(Task description):
Give back exactly the lines of the entries below from the line with "Riportare il Parlamento" to the line with "Dual Use Soap", inclusive, and only those.

(Excerpted records):
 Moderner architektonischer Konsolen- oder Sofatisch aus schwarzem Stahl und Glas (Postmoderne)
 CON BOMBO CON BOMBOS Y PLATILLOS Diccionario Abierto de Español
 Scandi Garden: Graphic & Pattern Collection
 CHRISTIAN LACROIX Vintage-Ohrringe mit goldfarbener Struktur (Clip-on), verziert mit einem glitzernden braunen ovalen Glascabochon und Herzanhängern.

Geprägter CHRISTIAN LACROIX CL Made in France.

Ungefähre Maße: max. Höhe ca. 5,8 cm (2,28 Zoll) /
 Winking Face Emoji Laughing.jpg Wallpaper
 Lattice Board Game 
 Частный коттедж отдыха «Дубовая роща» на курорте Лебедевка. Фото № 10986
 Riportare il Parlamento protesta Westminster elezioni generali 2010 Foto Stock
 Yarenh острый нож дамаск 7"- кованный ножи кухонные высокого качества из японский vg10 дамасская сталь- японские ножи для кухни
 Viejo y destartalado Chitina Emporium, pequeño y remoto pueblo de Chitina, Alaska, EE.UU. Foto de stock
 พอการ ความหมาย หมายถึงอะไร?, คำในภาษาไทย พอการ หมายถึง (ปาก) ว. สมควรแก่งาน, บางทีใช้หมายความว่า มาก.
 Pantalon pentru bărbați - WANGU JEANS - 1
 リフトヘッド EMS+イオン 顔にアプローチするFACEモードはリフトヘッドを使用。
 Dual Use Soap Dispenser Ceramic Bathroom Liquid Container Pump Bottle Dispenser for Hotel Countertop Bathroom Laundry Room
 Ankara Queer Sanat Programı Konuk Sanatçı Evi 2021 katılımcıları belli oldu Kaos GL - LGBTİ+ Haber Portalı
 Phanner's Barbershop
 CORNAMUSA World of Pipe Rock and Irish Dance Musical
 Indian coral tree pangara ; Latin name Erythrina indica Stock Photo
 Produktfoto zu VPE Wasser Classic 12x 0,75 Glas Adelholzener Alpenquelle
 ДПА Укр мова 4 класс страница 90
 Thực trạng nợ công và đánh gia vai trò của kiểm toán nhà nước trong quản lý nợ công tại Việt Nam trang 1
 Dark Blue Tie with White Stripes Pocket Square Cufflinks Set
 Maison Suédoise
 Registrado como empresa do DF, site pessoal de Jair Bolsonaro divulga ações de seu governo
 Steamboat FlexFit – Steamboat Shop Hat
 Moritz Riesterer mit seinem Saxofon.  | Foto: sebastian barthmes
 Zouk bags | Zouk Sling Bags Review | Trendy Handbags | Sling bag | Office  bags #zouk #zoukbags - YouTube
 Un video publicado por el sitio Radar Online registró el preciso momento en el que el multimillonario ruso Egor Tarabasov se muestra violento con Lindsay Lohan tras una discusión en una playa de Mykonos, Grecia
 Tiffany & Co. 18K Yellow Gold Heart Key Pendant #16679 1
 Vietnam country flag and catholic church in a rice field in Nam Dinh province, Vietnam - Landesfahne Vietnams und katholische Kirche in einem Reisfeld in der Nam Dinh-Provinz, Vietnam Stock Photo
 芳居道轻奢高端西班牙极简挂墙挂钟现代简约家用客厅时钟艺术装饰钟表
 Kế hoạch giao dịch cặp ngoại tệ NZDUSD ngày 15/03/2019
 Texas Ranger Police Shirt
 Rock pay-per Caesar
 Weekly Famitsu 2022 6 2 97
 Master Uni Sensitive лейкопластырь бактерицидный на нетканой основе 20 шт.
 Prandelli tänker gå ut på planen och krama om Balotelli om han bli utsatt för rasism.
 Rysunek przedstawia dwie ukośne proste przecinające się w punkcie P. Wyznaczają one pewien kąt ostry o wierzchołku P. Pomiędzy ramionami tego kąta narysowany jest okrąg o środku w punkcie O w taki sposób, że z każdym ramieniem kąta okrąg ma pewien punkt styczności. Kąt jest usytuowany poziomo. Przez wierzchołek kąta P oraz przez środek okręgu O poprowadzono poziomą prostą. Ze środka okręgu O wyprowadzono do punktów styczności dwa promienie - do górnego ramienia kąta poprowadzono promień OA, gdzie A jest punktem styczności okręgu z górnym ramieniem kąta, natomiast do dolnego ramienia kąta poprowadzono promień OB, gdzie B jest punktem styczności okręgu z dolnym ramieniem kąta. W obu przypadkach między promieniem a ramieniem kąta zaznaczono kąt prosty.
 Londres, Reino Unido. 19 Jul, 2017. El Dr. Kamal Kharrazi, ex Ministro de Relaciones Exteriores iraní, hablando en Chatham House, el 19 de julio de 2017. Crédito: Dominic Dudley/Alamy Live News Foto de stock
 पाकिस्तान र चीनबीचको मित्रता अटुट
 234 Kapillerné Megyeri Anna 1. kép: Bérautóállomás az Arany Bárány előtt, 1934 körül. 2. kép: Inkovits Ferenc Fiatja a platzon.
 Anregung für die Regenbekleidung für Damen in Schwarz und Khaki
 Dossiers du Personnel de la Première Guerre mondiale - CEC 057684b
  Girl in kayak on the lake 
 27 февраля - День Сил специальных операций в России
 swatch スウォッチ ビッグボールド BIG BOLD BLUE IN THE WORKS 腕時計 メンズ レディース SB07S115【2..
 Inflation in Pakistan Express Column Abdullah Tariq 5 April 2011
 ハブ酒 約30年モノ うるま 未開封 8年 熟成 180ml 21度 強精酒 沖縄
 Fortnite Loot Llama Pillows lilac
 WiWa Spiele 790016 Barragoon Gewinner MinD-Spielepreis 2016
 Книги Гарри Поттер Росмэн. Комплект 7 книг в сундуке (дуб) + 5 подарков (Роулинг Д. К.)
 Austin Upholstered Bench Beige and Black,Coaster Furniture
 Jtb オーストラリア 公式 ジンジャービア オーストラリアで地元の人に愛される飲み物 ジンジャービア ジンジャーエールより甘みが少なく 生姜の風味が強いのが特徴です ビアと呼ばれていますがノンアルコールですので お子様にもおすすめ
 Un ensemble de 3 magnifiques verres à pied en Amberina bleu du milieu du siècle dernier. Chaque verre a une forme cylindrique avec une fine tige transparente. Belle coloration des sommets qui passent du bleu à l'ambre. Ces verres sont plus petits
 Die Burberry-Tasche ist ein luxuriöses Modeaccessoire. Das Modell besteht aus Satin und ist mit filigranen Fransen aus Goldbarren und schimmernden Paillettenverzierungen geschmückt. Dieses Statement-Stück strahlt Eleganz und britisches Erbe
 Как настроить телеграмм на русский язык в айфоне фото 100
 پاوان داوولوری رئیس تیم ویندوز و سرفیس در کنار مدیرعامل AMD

(Task solution):
 Riportare il Parlamento protesta Westminster elezioni generali 2010 Foto Stock
 Yarenh острый нож дамаск 7"- кованный ножи кухонные высокого качества из японский vg10 дамасская сталь- японские ножи для кухни
 Viejo y destartalado Chitina Emporium, pequeño y remoto pueblo de Chitina, Alaska, EE.UU. Foto de stock
 พอการ ความหมาย หมายถึงอะไร?, คำในภาษาไทย พอการ หมายถึง (ปาก) ว. สมควรแก่งาน, บางทีใช้หมายความว่า มาก.
 Pantalon pentru bărbați - WANGU JEANS - 1
 リフトヘッド EMS+イオン 顔にアプローチするFACEモードはリフトヘッドを使用。
 Dual Use Soap Dispenser Ceramic Bathroom Liquid Container Pump Bottle Dispenser for Hotel Countertop Bathroom Laundry Room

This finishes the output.